I am often resistant to accepting advice from others. Like Prince, I perform a graceful embodiment of an air of casual arrogance – a talent, I think, as women continue to face pressure to be overtly malleable especially to the opinions of men and men-centric society.
Every once in a while, however, there is a genuine human moment, and I accept a piece of someone else’s philosophy into my own. I cherish these moments because I believe they measure a certain personal growth, a marked willingness to be vulnerable with friends.
For women like me, vulnerability is a double-edged sword. Do I choose to cut away the dead things from me, or do I choose to bruise myself in old tired spots?
I am opening myself up to a relatively new friendship with a talented musician.

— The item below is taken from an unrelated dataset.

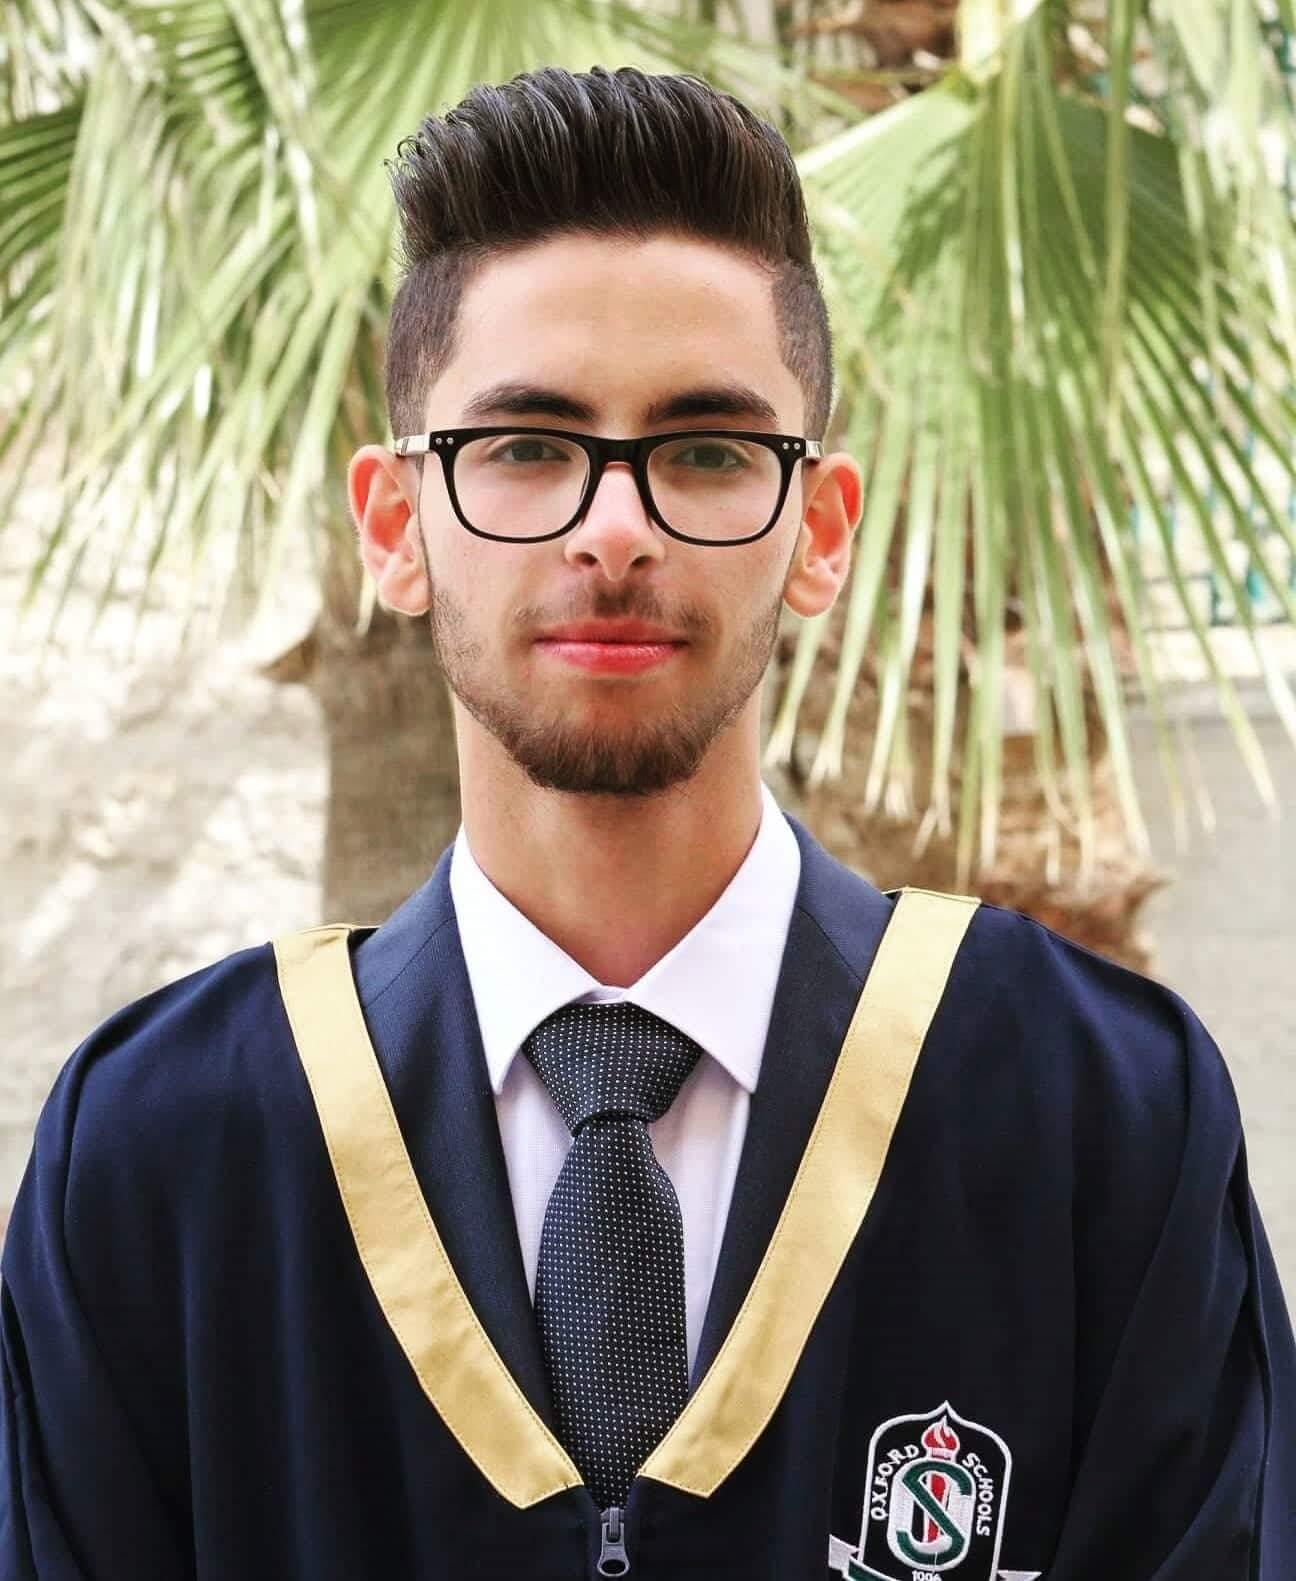 تهنئة بحصول هاشم محمد الحناقطة على معدل 95.6% بالثانوية العامة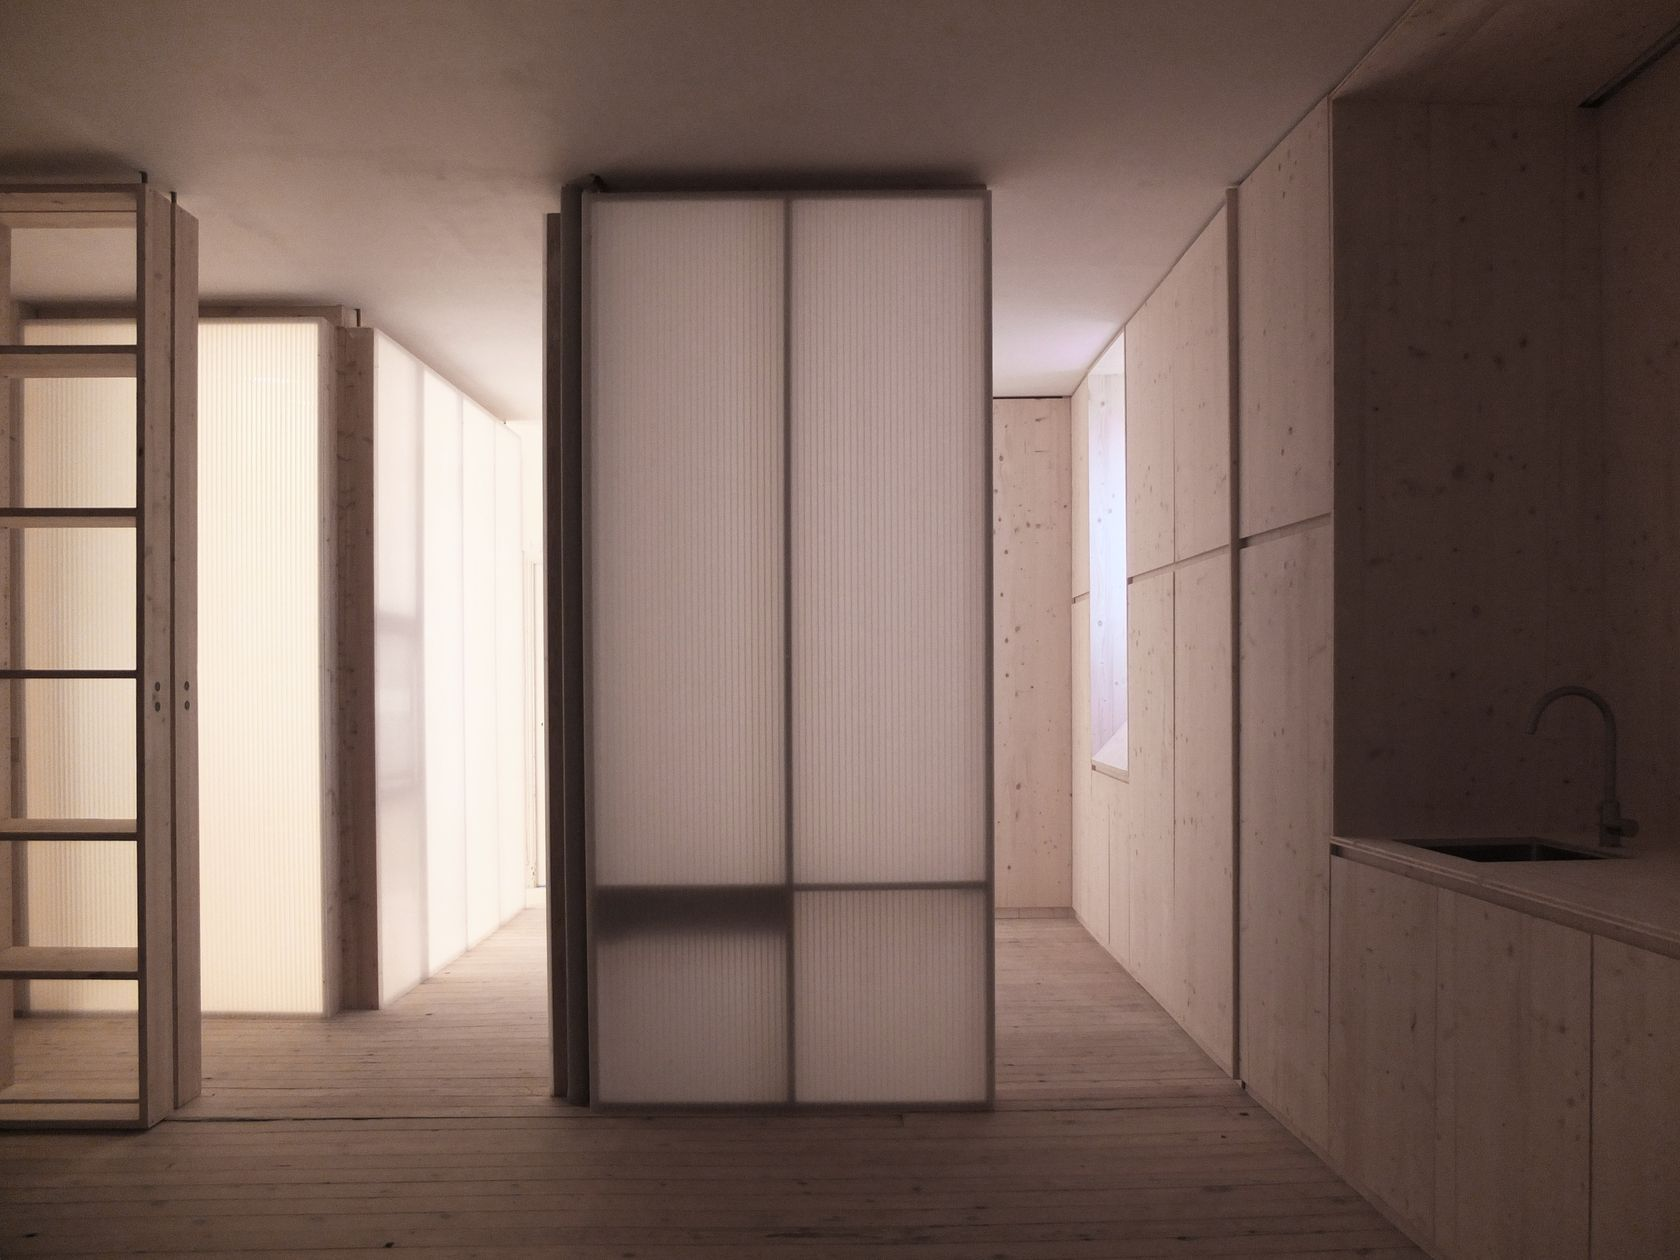 A bureau architectures sans titre by bast at architizer

I had seen him around different events, and always liked his swag. Apparently, real really recognizes real because he always admired mine too. Since sharing, he invites me to cool events which gets me out of the bar and into all kinds of artistic spaces which allow my unique muse-like qualities to re-inspire growth.
When I have a problem with someone or something, habitually since college, I scream it from the mountaintops. I used to believe this meant I was standing for something, because people would know how I felt. It was liberating and empowering at first, but in living all of my truths out loud, I stifled myself. I sat my polished beliefs on a self-serving shelf to be forgotten and contented my philosophy to being a social media attack-dog for whomever should tag me first.
I became a bastion for the liberal millennial choir to which we all seek to preach to or tear down. A laughing stock for people who don’t value anti-oppression philosophy because it’s much easier to laugh than to grow. The sadder thing being – who can really blame them? After all, young adults in my hometown work unfulfilling jobs with low hourly wages just to spend the majority of them on high rent, high auto expenses, or the classic escapes. Who has time to spare for the women, the LGBTQ, the disabled, etc.? If you ain’t or don’t know, why care?
Me and my musician have two friends in common. Both are local lyricists, and one has been accused by multiple women of rape since the Kavanaugh hearings. The other one – much closer to me than the accused – made a comment on one of my posts challenging the rap community to critically rethink how they engage with accused rapists and abusers. “We don’t have all the facts” blasé blasé.
As a survivor, my first feeling was that of betrayal. How could a friend of mine say something like that? My second feeling was numb, which gave me a moment of clarity enough that I remembered a conversation with my musician:
“Sometimes you just have to move in silence”
I deleted the comment. Also, I am not angry, nor do I feel betrayal. Being friends with someone is non-romantic dating. You either accept them for who they are and support them, or you allow yourselves to grow apart.
Accepting silence and filling it with the unspoken reasons for its own existence places a distance between your own growth and the stagnation of those we can still hold dear.
We’re in an age of rising. Black people demanding the right to live without threat of police violence. Women and other survivors demanding the right to live without threat of sexual violence. LGBTQIA people demanding the right to live without threat of targeted violence.
As a survivor, vulnerability, closeness, and trust will be given to those who believe us. And if a friend of mine chooses doubt over belief, I want it to make it easy for them to continue choosing that brotherhood of violence. Like I told my musician, men act differently around men than they do around women. Of course your friend doesn’t seem like a violent person – you’re not his target. This is simple to read, harder to understand, but the silence will still be there.
One day, men like this, the doubtful, the too-trusting of unspoken brotherhood, those with bruised egos, heartbreak faults in their kindness for women, and the rest, will look up and notice that the caliber of women they are attracting is unchallenging for their growth. Some will care, but as I have realized being friends with men, most won’t. The silence will be permanent then, and our friendship will be a distant memory from a time in my 20s when I was still learning, still forgiving.
One day, I will look back and remember what it was like to have friends who didn’t believe us.
I hope to find it just as funny as the other fallacies of youth.